A Modest eBook Proposal

I’ve got an eBook idea that I’d like to bounce off the dozen or so people who read my stuff. I don’t know if it would work. That’s why it’s called an proposal and not a plan.

Ready? Here it is.

To any publiser willing to experiment with a new distribution model I propose the following:

  1. We will give you a big bag of money each year.
  2. With this bag of money we expect our library patrons to be able to access your entire catalog of electronic material (books and audiobooks)
  3. We also require that the one person per title model be done away with.
    1. We’d like for our people to be able to download any book at any time without having to wait on a digital copy.

That is all we really require. So what are we willing to do to make this more palatable to you?

  1. We will limit the number of titles an individual has checked out to a very low number.
    1. How about 2 at a time?
  2. These digital copies will be packed full of DRM
    1. So copying your material will be difficult for the average user.
    2. The titles will also be unsuable after a few weeks of being checked out.
      1. and need to be checked out again
  3. We will pay a bonus for titles that are very popular.
    1. So if a certain title is checked out 100 times (just a number I made up) we will give you a small bag of money.
      1. On the flip side of this; if a title is purchased by one of our people while he/she has it checked out we get a credit.

This seems like a good idea to me. Libraries get access to a lot of eBooks, publishers get paid, and authors of popular books get paid extra. Granted, there are a lot of details to be worked out. Like:

  1. How big is that annual bag of money?
  2. How big is that smaller bag of money?
    1. How often is it paid?
  3. What is a reasonable number of checkouts to trigger a bonus payment?
  4. How do we set it all up?
    1. Technically speaking

Anyone want to discuss this proposal? Is it silly? Will it work? I’ve got no idea. I’m just tired of people complaining about eBook distribution and not providing any alternatives. So here is an alternative. This is just a starting point. Let’s talk.

reposted with permission from his blog


  1. Nate the great24 March, 2011

    The good news is that this model is already in use in most academic libraries.

    Unfortunately, subscription based plans also mean that you lose access when you lose funding. And who doesn’t have funding issues this year?

  2. Dragon24 March, 2011

    Interesting thought, so taking a look at some numbers. (These are 2009 numbers)

    There are 122,101 libraries in the U.S. according to the American Library association. These are Public, Academic, School, Special, Armed Forces, & Government.

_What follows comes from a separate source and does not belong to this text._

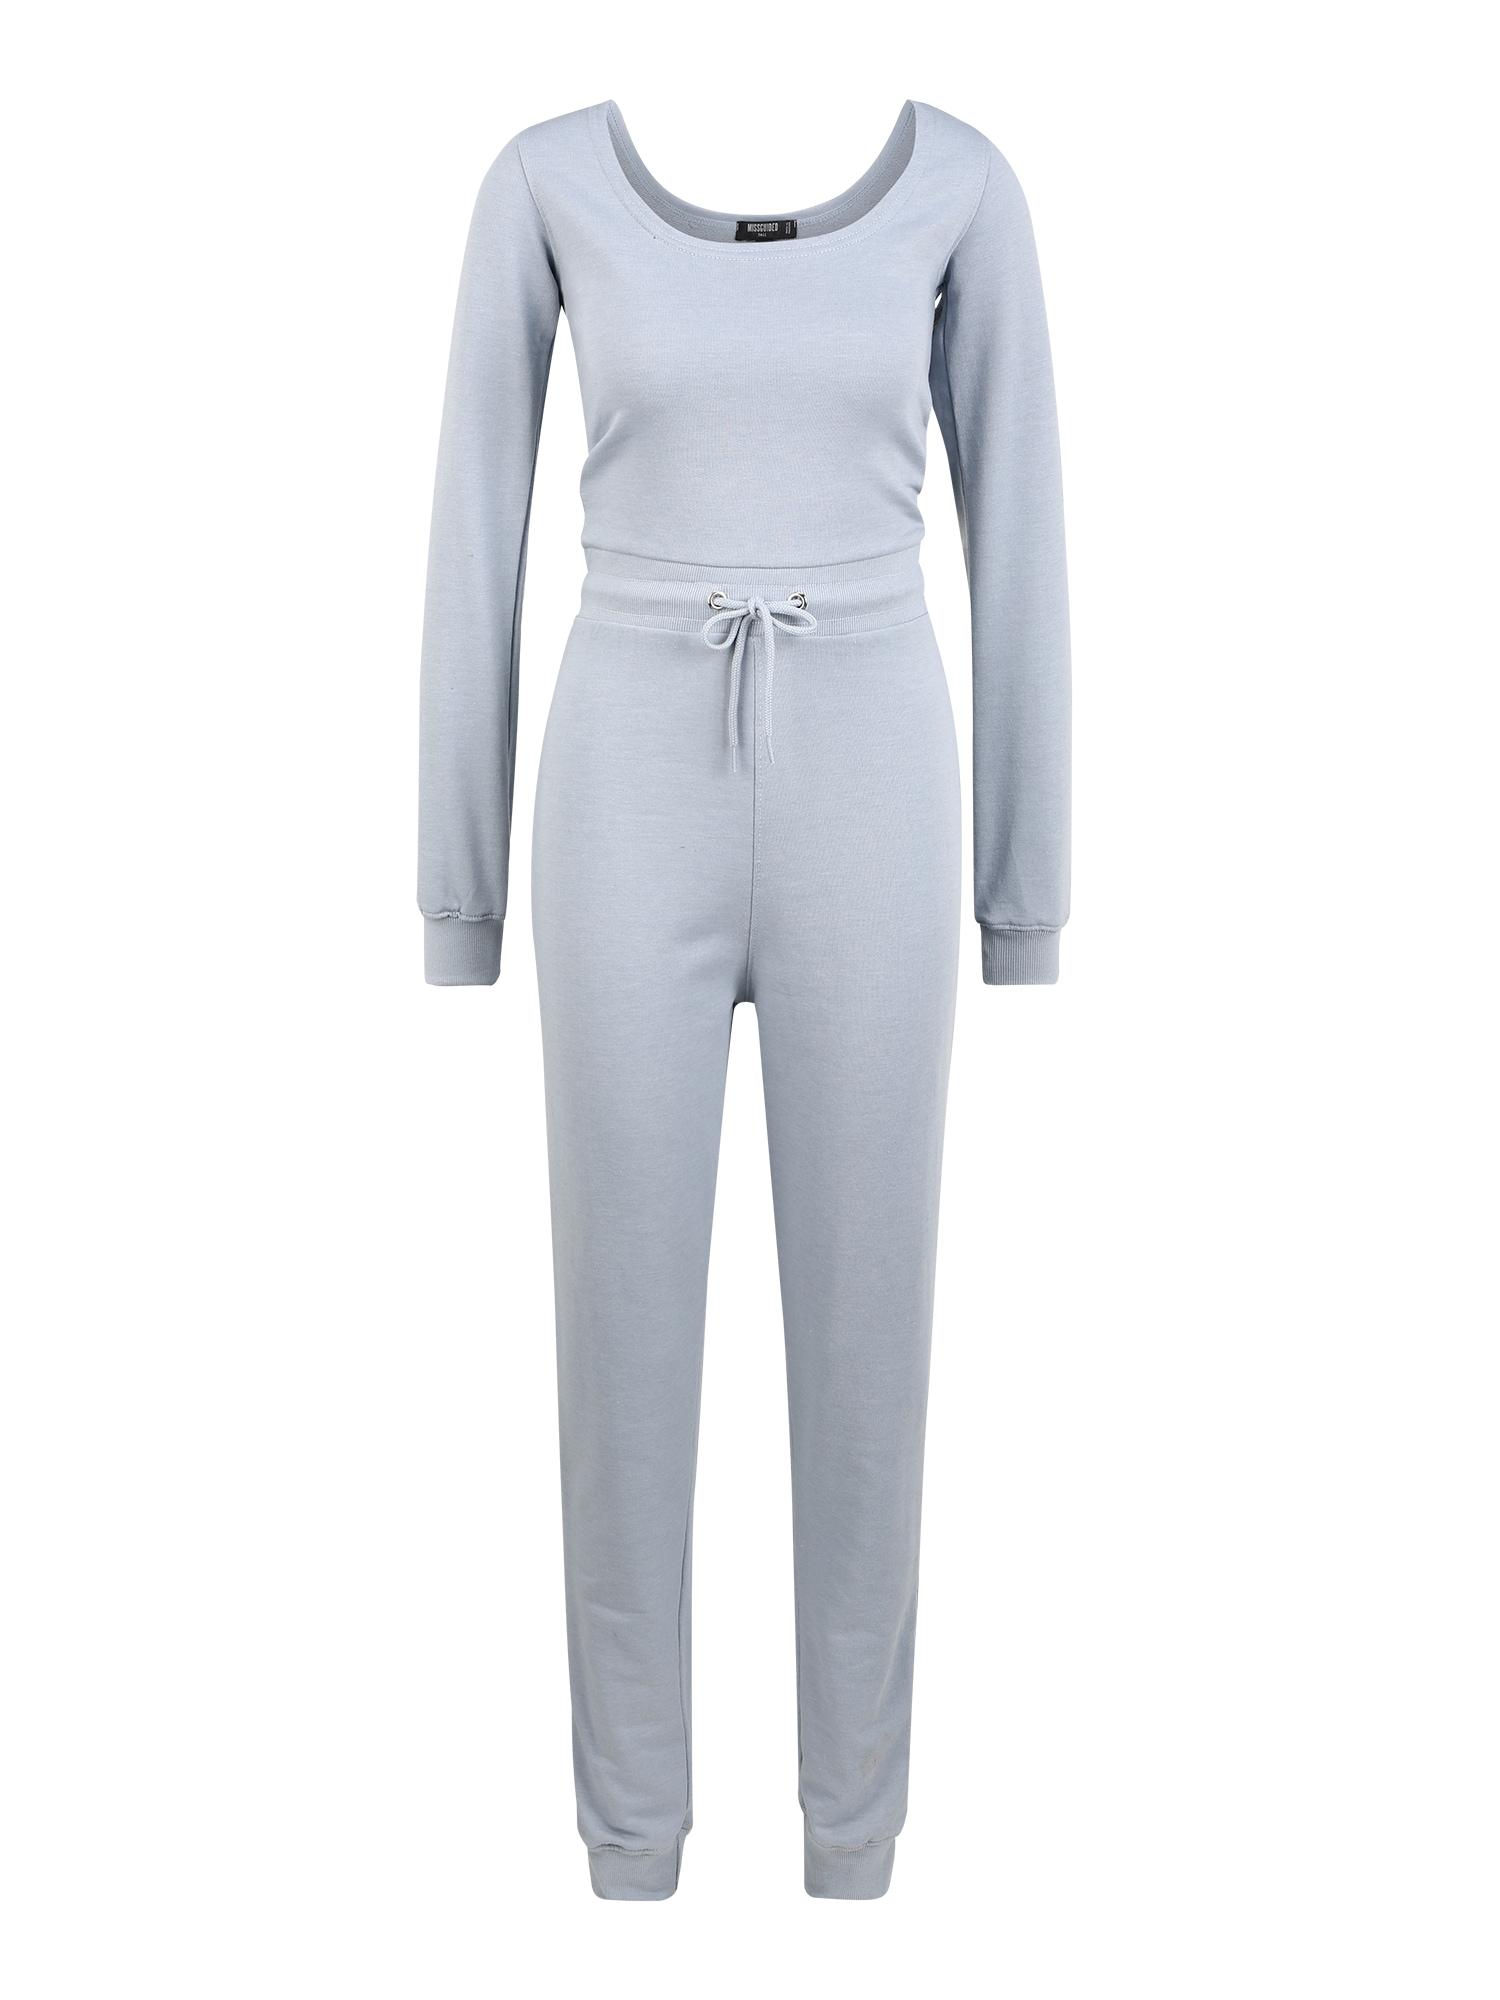 Missguided (Tall) Vienos dalies kostiumas mėlyna dūmų spalva

    Net sales for publishing where 23.9 Billion on books and 313 million on e books in 2009. For a total of 24.2 Billion.

    Divide net sales by total number of libraries and that comes to 198,303 dollars per library. I dont think to any publisher would call that a big bag of money.

    In my opinion corps like to compare apples and oranges to confuse people to increase their profits. They will look at what individual libraries pay as opposed to what the total is that they bring in from all of them. Just look at e-book prices vs Bound book prices.

    Have some other thoughts but this is a good starting place if this discussion grows.

  3. Jason Evans24 March, 2011

    This sounds a lot of like the Netflix model. We could call it Netboox. I’ll pay 8.95 per month for two ebooks at a time that I can use on most platforms i.e. ereaders, android, ios, Windows, OSX, and Linux (it could happen). When I finish one I return it and get another ebook. For an extra small fee unlimited ebooks could also be streamed via flash or html5 to desktops that couldn’t necessarily to be ported to other devices or ripped. These would mostly be used by students writing papers who need access to newer books that aren’t at the library but who don’t necessarily need to own them either.

  4. Format C:24 March, 2011

    I got the answers from a honest author, his agent and his publisher:

    1. How big is that annual bag of money?
    A: whatever your income is +50%

    2. How big is that smaller bag of money?
    A: the above, less 0,001%
    2.1. How often is it paid?
    a: Hourly

    3. What is a reasonable number of checkouts to trigger a bonus payment?
    A: 0,1 (reading the title of the book, which is our IP, is enough to meke you owing us)

    4. How do we set it all up?
    A: First you give us your money, then we can talk about books (just talk, note).
    4.1. Technically speaking
    a: Paypal, Credit Card or Wire Transfer will do.


  5. Format C:24 March, 2011

    Seriously, I’ve asked some writers how much did they want to grant me unlimited lifetime access to the content of one of their titles, whatever the format is (audio, electronic, paper, on line, ….) .
    I still don’t have an answer.
    When I say “unlimited” and “lifetime”, they feel somehow deprived…

    So, I think the only possibile model that will work is the one we have now: honest customers will be squeezed like lemons, less honest and technically advanced ones will read for free.

  6. Matt24 March, 2011

    Thanks for the comments and thanks to Nate for posting it here. I’m interested to see what people who aren’t employed by libraries think about eBooks and libraries. This proposal is just something to begin conversation. I’m not wedded to any specifics. I’m really looking for ideas.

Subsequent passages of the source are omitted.